= Fiona Kennedy =

Scottish singer, actress and broadcaster

Fiona Kennedy Clark (born 2 July 1955), OBE, DL is a Scottish singer, actress and broadcaster, and the daughter of Scottish and Gaelic singers Calum Kennedy and Anne Gillies. As a child she appeared with her parents as they performed as a family, and this developed into a successful solo career.

==Career ==
Kennedy's TV appearances include the 1971 series The Witch's Daughter, Sutherland's Law and Mauro the Gypsy, made for the Children's Film Foundation and released in 1972, four series of Record Breakers on BBC1 and the New Year Show with Sir Trevor MacDonald. She also presented Behind the Scenes at Monarch of the Glen. She has also appeared on BBC TV's Songs of Praise as a singer. In 1985, Kennedy attempted to represent the UK in the Eurovision Song Contest with the song So Do I, performed as a duet with Mike Redway. The song placed equal last in the televised A Song for Europe contest.

She had a role in the 1973 film The Wicker Man, in which she played Holly Grimmond.
Her production The Kist has enjoyed 5 star reviews at The Edinburgh Festival Fringe and has also been performed in Aberdeen, Glasgow and New York.

She has recorded several albums including Maiden Heaven and Coming Home.
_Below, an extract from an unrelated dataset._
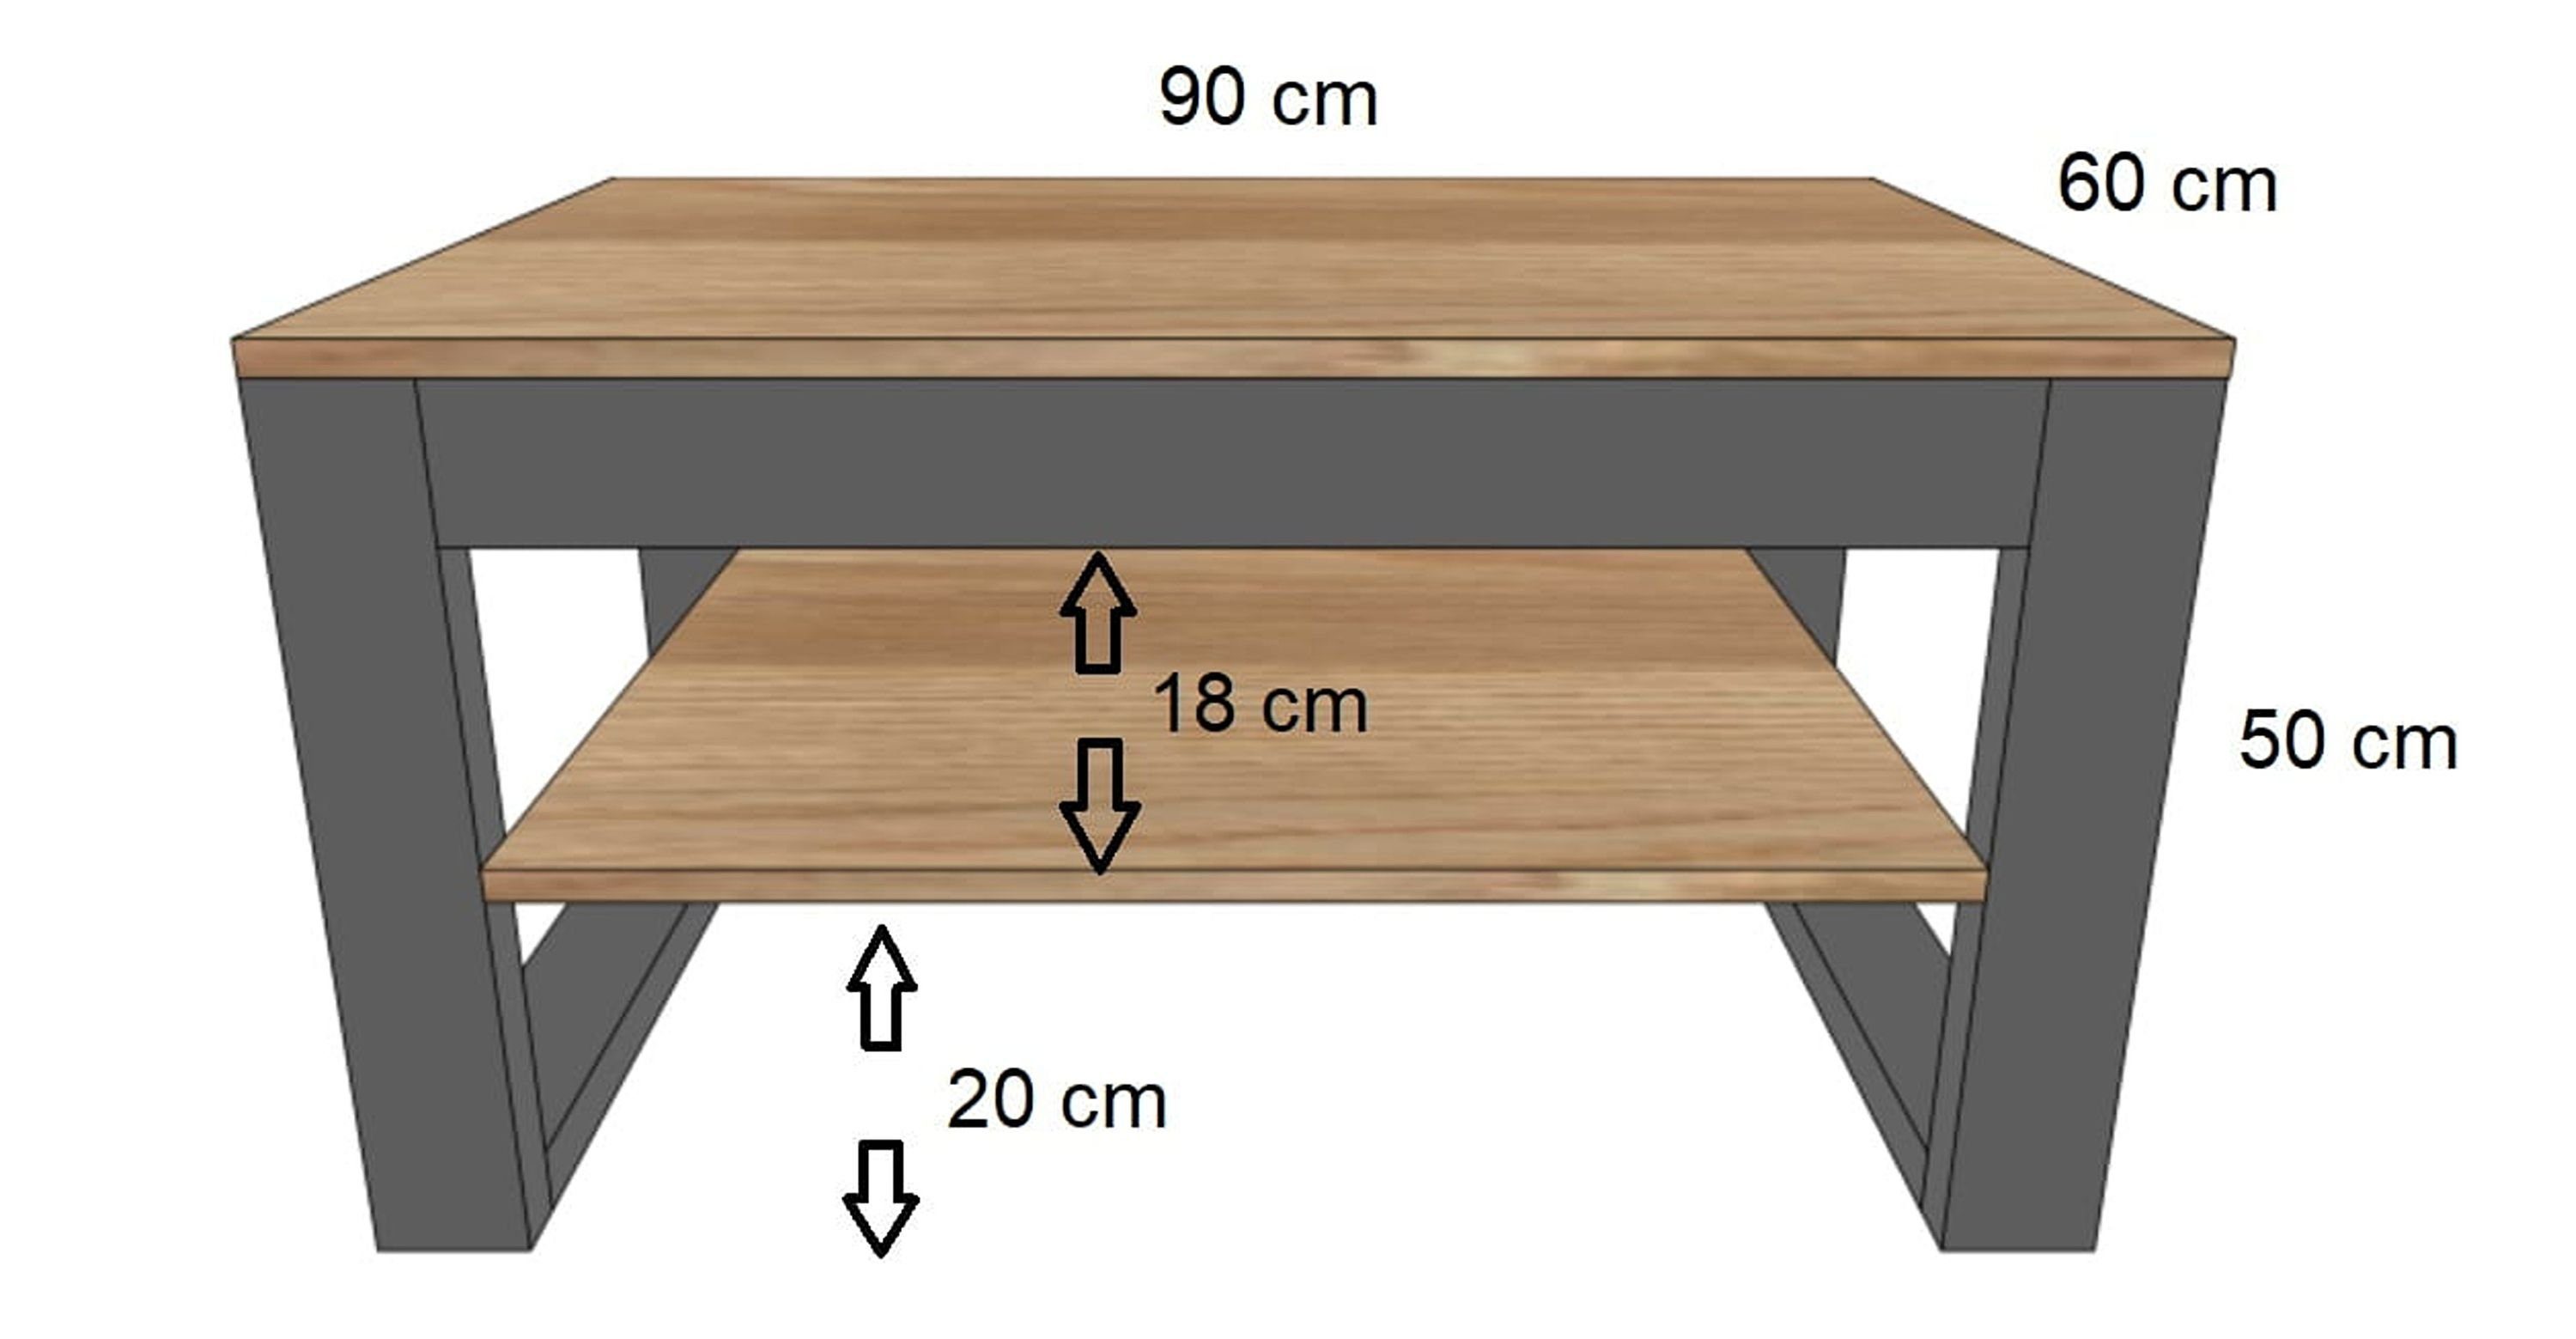 90x50x60cm Schwarz - Wohnzimmertisch Couchtisch designimpex Tisch DA-222 Design Couchtisch Beton
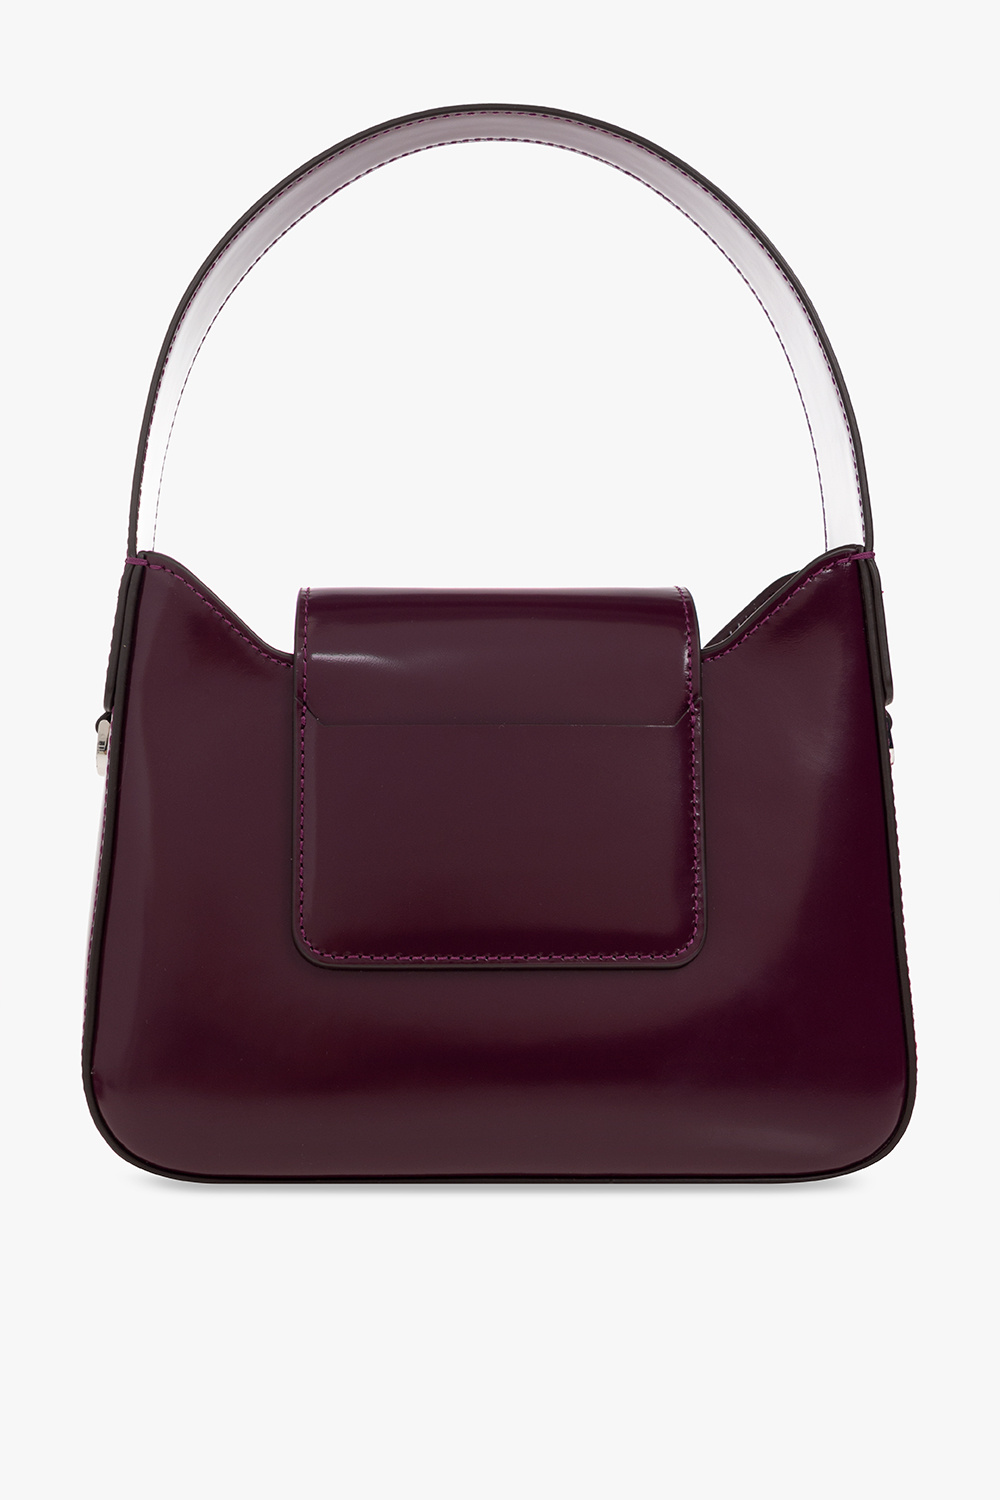 47 Hottest Purple Bags   Purple bags, Bags, Louis vuitton handbags

Her 2017 album Time to Fly includes songs co-written with Beth Nielsen-Chapman and duets with Ross Wilson of Blue Rose Code.

Kennedy sang for Queen Elizabeth II on a number of occasions and performed at the G8 Summit at Edinburgh Castle. She has sung at the first NATO Burns Supper in Brussels, performed at Celtic Connections and Transatlantic Sessions on BBC 2, touring with Runrig, hosted television programmes for PBS in America, narrated Peter and the Wolf and The Snowman with the RSNO, presented Live at The Lemon Tree for BBC Scotland with Phil Cunningham, and narrated The Three Ships with Sir Tony Robinson, composed by Paul Mealor. She has acted in a number of plays including Alfie in the West End and Ane Satyre of the Thrie Estaites at the Edinburgh International Festival.

A visit to Ellis Island inspired her own production The Kist, which appeared at the Edinburgh Fringe Festival, as well as at venues in Scotland, London and New York. She collaborates regularly with writer and director John Bett including ten years of Nae Ordinary Burns Supper.

Kennedy is a Deputy Lord Lieutenant of Aberdeenshire. She is Honorary President of VSA, and is the Patron of charities including FROM Scotland (Famine Relief for Orphans in Malawi), Speakeasy, St Margaret’s Braemar, Jazzartuk and Pitlochry Festival Theatre. In addition she is an Ambassador for London Scottish Rugby Club.

==Theatre==

| Year | Title | Role | Company | Director | Notes |
|---|---|---|---|---|---|
| 1982 | Ane Satyre of the Thrie Estaites | Danger | Scottish Theatre Company | Tom Fleming | play by Sir David Lindsay, adapted by Robert Kemp |

==Honours ==
Kennedy was appointed Officer of the Order of the British Empire (OBE) in the 2014 New Year Honours for services to music and for charitable services in Scotland.